In Part 4 other experts analyse these three – and other – problems in more detail. For example, the chapters argue in sequence that:

  • Respect for the right of patients to give their informed consent to medical research should be understood in the context of broader, internationally recognised human rights. Any compromises which are reached with respect to the specific issue of informed consent should always be understood against the background of the potential abuses of human rights to which they could lead
  • A rigid emphasis on informed consent can itself lead to violations of human rights. If patients have a right to be given certain information before they participate in medical research then does it not follow that they also have a right to refuse unwanted and potentially distressing information? Why should they not simply be able to trust their doctor/ researcher to act in their best interests
  • Conventional analyses of informed consent in medical research risk dangerously overemphasising the hazards of participation. In fact, much ordinary clinical care is administered without the same attention to evidence and control over clinical administration that is usually found in the conduct of medical research.

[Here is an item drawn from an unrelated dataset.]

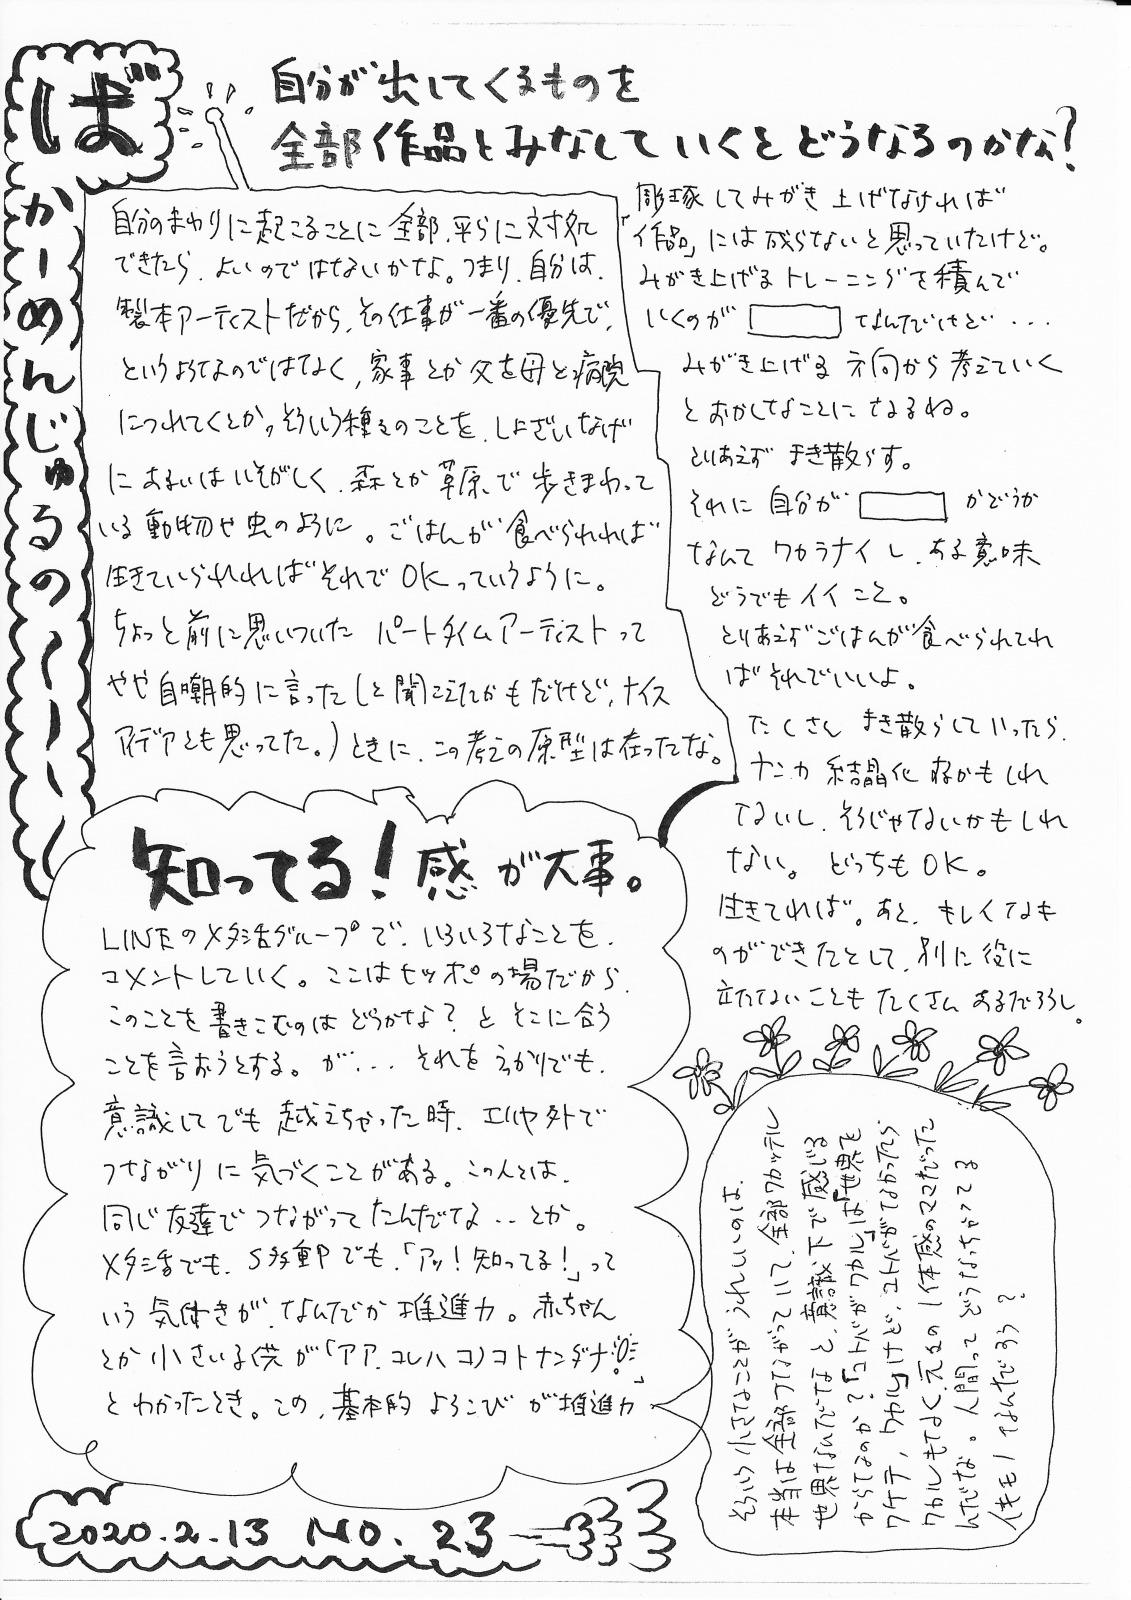 http://yoyamazaki.jp/blog/blog/%E3%81%B0%E3%81%8B%E3%83%BC%E3%82%81%E3%82%93%E3%81%98%E3%82%85%E3%82%8B%E3%81%AE23.jpg

Without understanding this, patients cannot give proper informed consent to conventional treatment, much less understand why it might be always in their best interests to choose to participate in research
  • Placing too much moral emphasis on informed consent detracts from the responsibility of citizens to contribute to the public good through not becoming "free riders" in their use of medical advances. This will result inevitably from refusing to participate in medical research. While not concluding that participation in medical research should be compulsory, these authors do point in the direction of how this might be argued.

Finally, it makes little sense to emphasise the moral and legal importance of informed consent without paying equal attention to the practical problems associated with obtaining it. Thus the final chapters reason that:

  • There should be more consumer participation in the planning and execution of medical research. Here it is maintained that just as patients can have personal difficulties in understanding information, the same applies to clinical researchers with respect to their communication skills and their understanding of the moral importance of an acceptable level of disclosure of information. For this reason, informed consent in medical research should not just be understood as an ethical issue – it also raises problems about education and professional training
  • There is extensive evidence that some healthcare researchers have poor communication skills as regards obtaining informed consent and that these can – and should – be improved
  • There is a variety of ways in which the moral importance of informed consent and the practical importance of related communication skills can and should be taught within undergraduate and postgraduate education.
In Part 5, we reflect on the arguments which have been developed in the book, relating these back to the themes we explored in our original BMJ chapters. While we have not altered many of our fundamental tenets, we have certainly sharpened and clarified them by considering the many new arguments of our contributors. Whatever remains unresolved in the debate between us, future discussions about informed consent will doubtless be far better informed by the labour of the their contributions.

Throughout the development of this book, our goal has been to help researchers understand the moral, legal and professional demands concerning the provision of informed consent by participants in medical research. We have also attempted a fair and incisive analysis to help explain why the principle of informed consent is now taken so seriously, along with the obligation to obtain such consent. We have been consistently gratified by the extremely high quality of the chapters and by the enthusiasm and commitment of the contributors. We thank Janet Bennett, Lesley Doyal, Jayshree Kara, Christine Sinclair, and especially appreciate the advice and support that we received from Mary Banks, Christina Karaviotis and Alex Stibbe at BMJ Books.